- Workers showed understanding in their demands
The commitment of the Buhari administration to the welfare of workers in Nigeria is evident in several Federal Government policies including the legislation of the minimum wage, tax exemption for minimum wage earners and the preservation of public service jobs in spite of two recessions, among others.
Making this statement earlier today at the opening session of the 2021 National Labour Advisory Council, President Muhammadu Buhari, represented by Vice President Yemi Osinbajo, SAN, also commended workers and other social partners for their cooperation and understanding in the resolution of issues in the industry, saying “workers also showed understanding in their demands.”
According to the President, “our government has always been and we remain resolutely committed to the welfare of workers. Indeed, one of our first actions in office was the massive bailout to States, the majority of which, were owing workers’ salaries in many cases for between 6 and 12 months.
“As Federal Government, we ensured that despite two recessions in six years, and severely dwindled national resources, no jobs were lost for this reason.
“Indeed, we not only implemented a new national minimum wage but we also last year, put forward legislation that ensured that minimum wage earners would pay no income tax.
“We established the largest Social Investment Programme in Sub-Saharan Africa and we have since expanded many of its component programmes including the Conditional Cash Transfers for the poor from 2.6 million households (13 million persons) to 7.2 million households (about 30 million persons) and COVID-19 Rapid Response for the Urban Poor which now has 4 million households (20 million persons).”
Speaking about Nigeria’s ratification of the International Labour Organisation (ILO), the President noted that “Nigeria has ratified this convention and is today practising its provisions. So, we can without equivocation, assert that Nigeria supports tripartism in labour relations as a fundamental pillar of good governance.”
Said the President: “The ILO Convention promotes the application of a founding principle of the ILO which established the bringing together of governments, employers and workers through tripartite social dialogue to develop, implement and promote international labour standards governing all aspects of the world of work.
“We will continue to consider the four pillars of the ILO policy framework to tackle the COVID-19 crisis in our journey to build back better, that which was destroyed by the pandemic.
“Through the Federal Ministry of Industry, Trade and Investment, there is the Entrepreneur Support Programme which includes vulnerable workers amongst the urban poor…”

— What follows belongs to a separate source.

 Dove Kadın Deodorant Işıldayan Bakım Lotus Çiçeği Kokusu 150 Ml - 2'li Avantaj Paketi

The President also listed the following: the Artisan Support Fund; Payroll Support Fund for small scale businesses; Business Formalisation aimed at encouraging Micro, Small and Medium Enterprises (MSMEs) by offering free registration for upcoming businesses by the Corporate Affairs Commission (CAC); Guaranteed Off-take Stimulus Scheme for Small Medium Enterprises (SMEs); the National Youth Investment Fund (NYIF) for young entrepreneurs of N75 billion for 3 years, all aimed at supporting the labour force.
According to him, “We also intend to expand the N-Power programme from the present 500,000 to 1 million persons; and the Central Bank of Nigeria has activated its programmes in Agriculture and Manufacturing.”

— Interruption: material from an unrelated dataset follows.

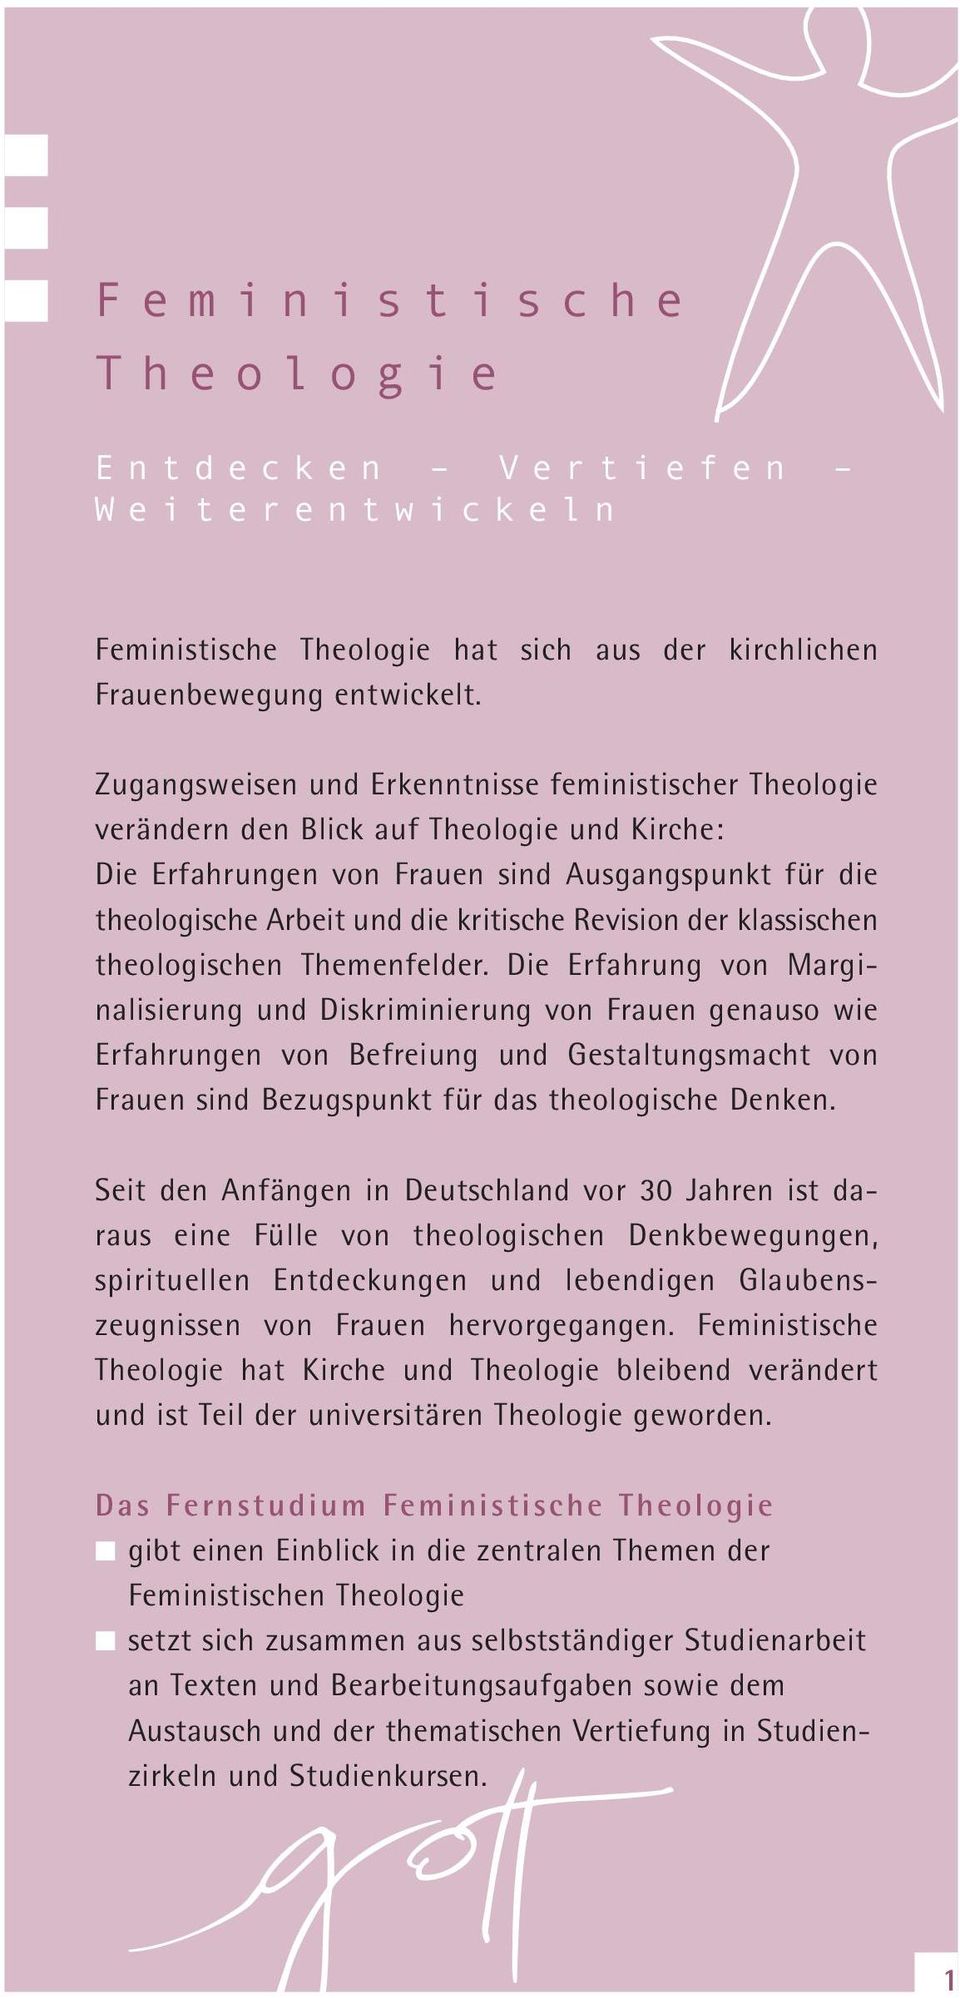 Revision der klassischen theologischen Themenfelder.

The President then urged participants at the meeting to take the opportunity of the gathering to “consider the implications of the rapid and fundamental changes to the world of work occasioned first by technology – the disruptive innovation and lately by the COVID-19 induced changes to the way we work.”
Present at the opening session of the Council include the Minister of Labour and Employment, Dr Chris Ngige; Minister of State for Labour and Employment, Mr Festus Keyamo, SAN; the Deputy Governor of Imo State, Prof. Placid Njoku; President of the Nigerian Labour Congress, Comrade Ayuba Wabba, among others.